Return the listing below unchanged, except that the pictures are dropped.

Source data:
####

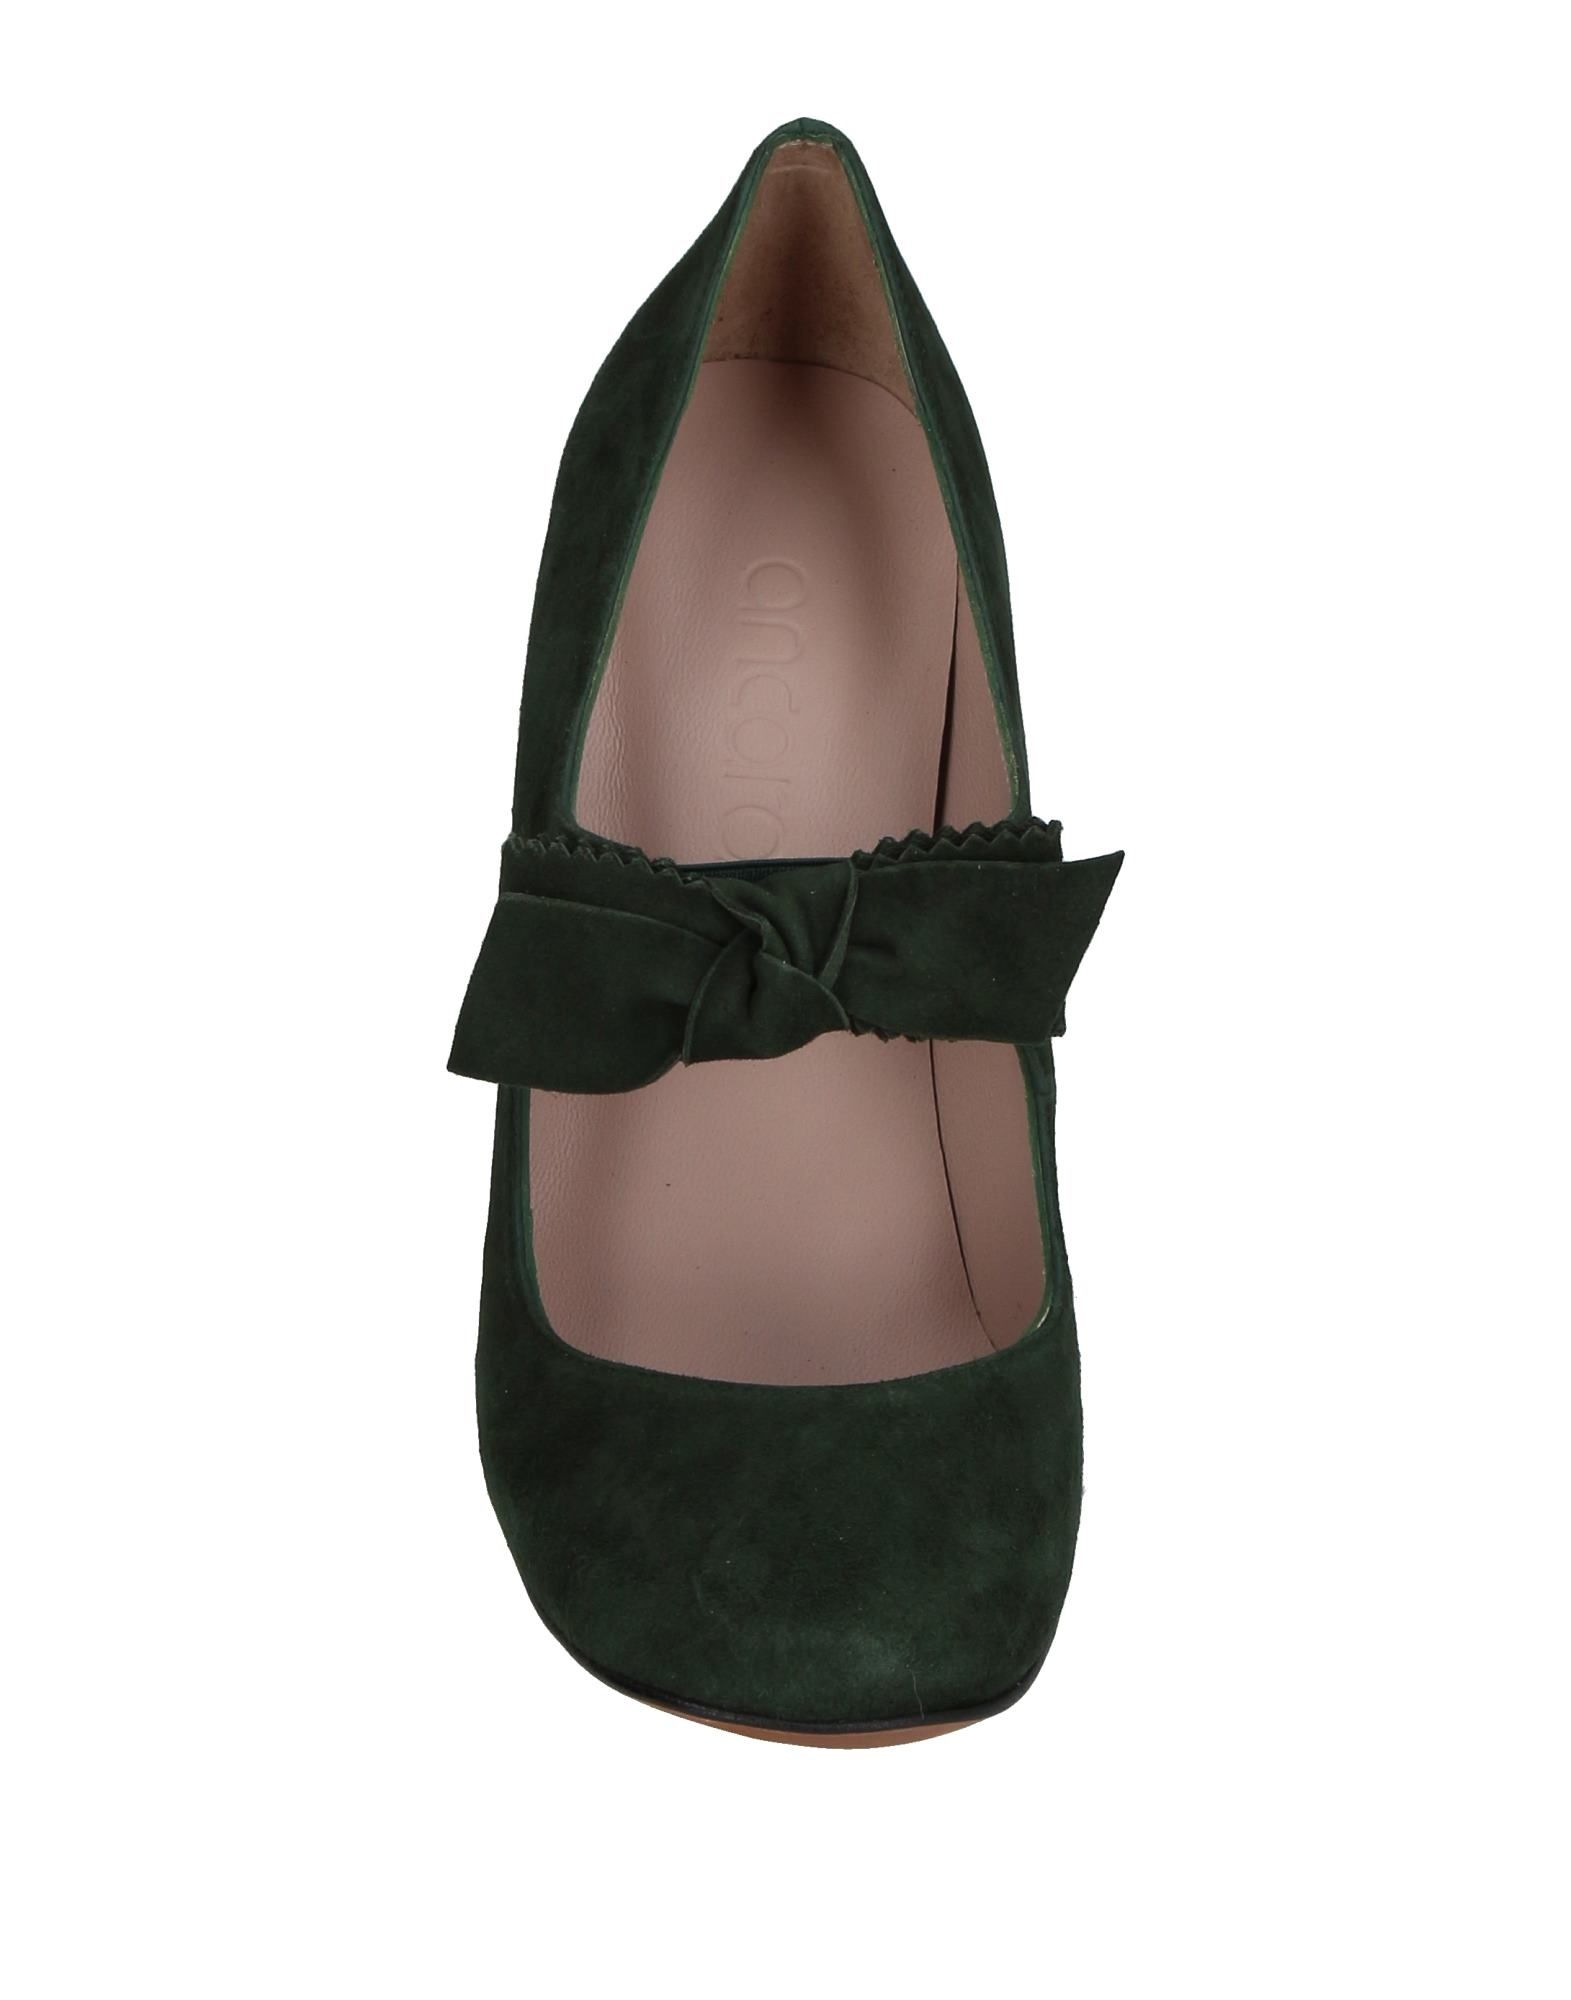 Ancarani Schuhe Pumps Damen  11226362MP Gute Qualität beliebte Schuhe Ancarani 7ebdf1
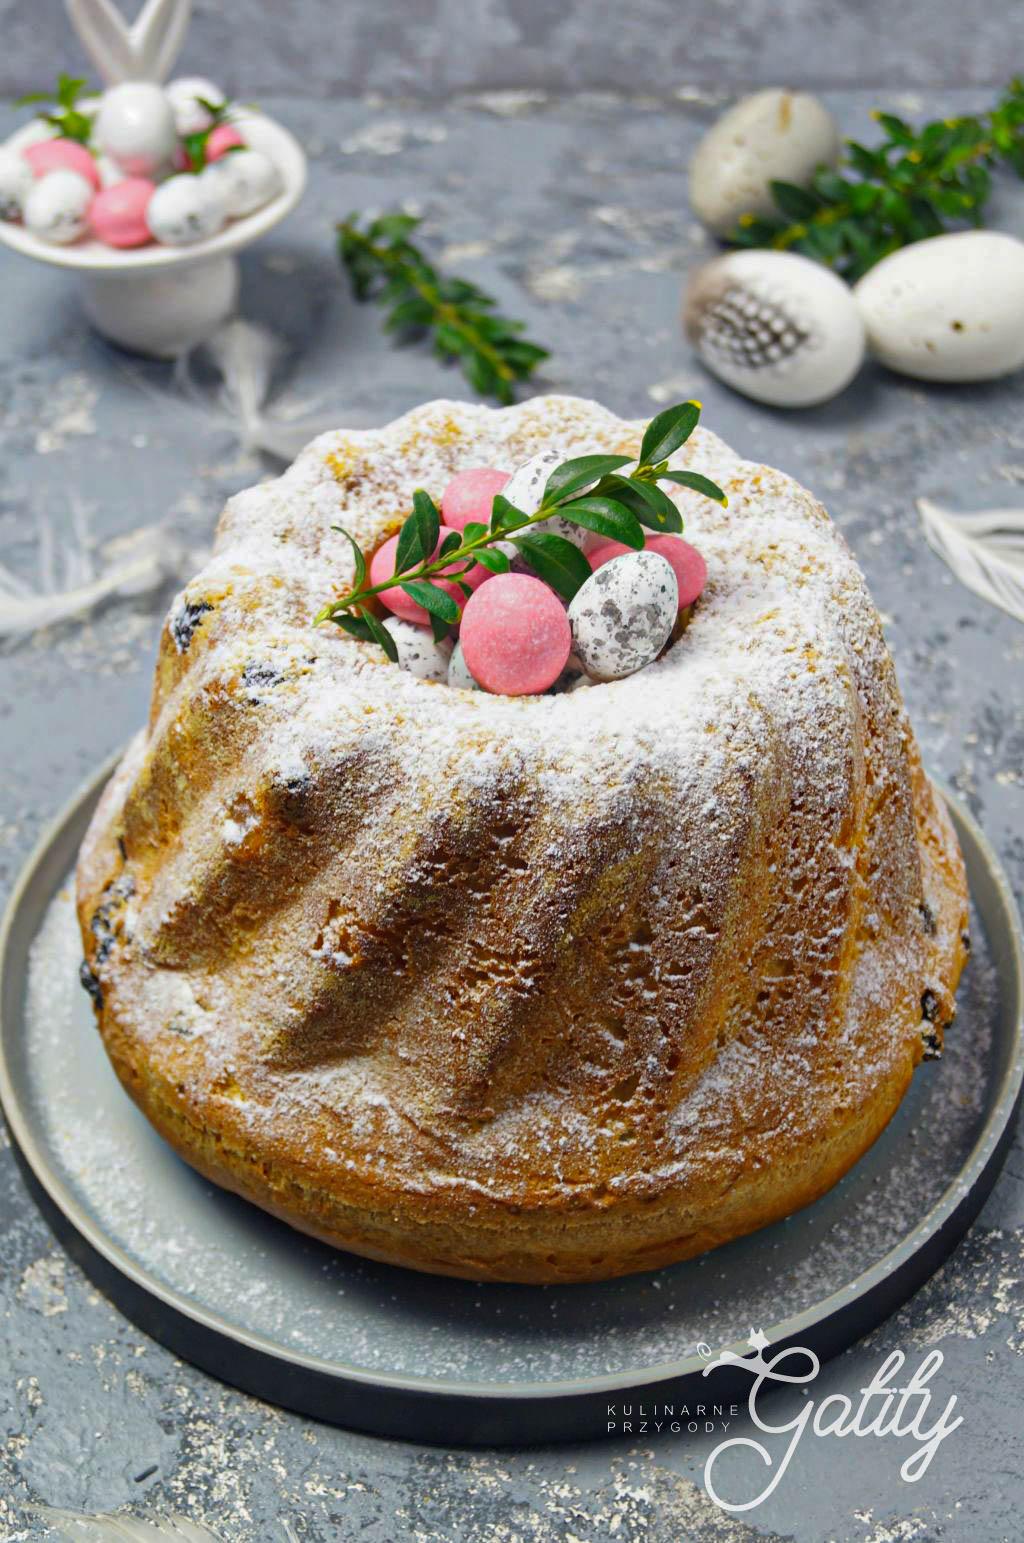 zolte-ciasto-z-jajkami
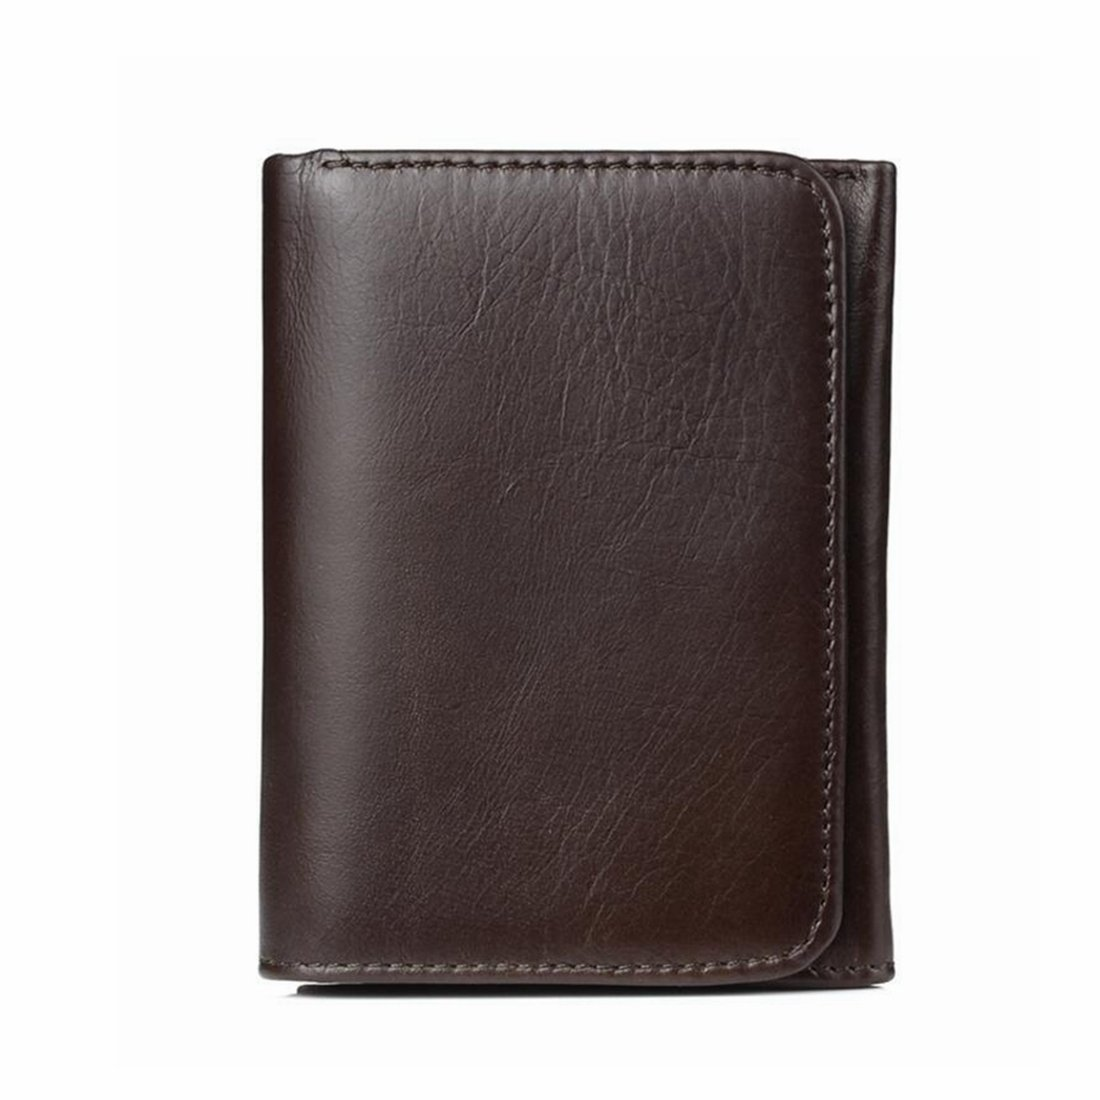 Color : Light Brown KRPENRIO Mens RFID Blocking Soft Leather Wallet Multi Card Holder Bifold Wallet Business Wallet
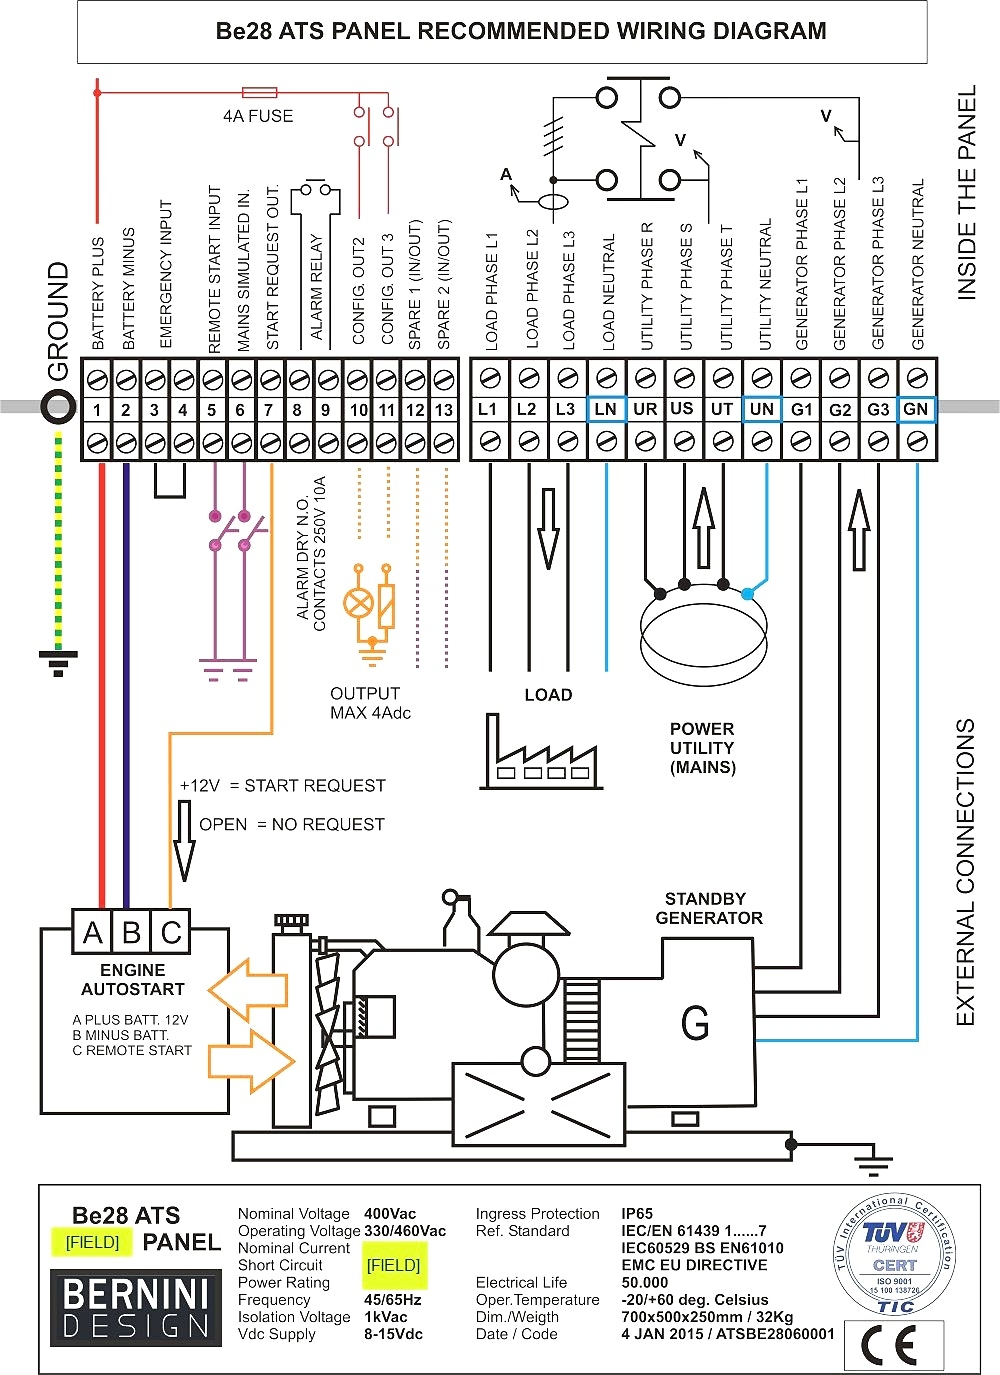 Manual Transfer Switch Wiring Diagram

####

Result of this task:
 Ancarani Schuhe Pumps Damen  11226362MP Gute Qualität beliebte Schuhe Ancarani 7ebdf1
 zolte-ciasto-z-jajkami
 Color : Light Brown KRPENRIO Mens RFID Blocking Soft Leather Wallet Multi Card Holder Bifold Wallet Business Wallet
 Manual Transfer Switch Wiring Diagram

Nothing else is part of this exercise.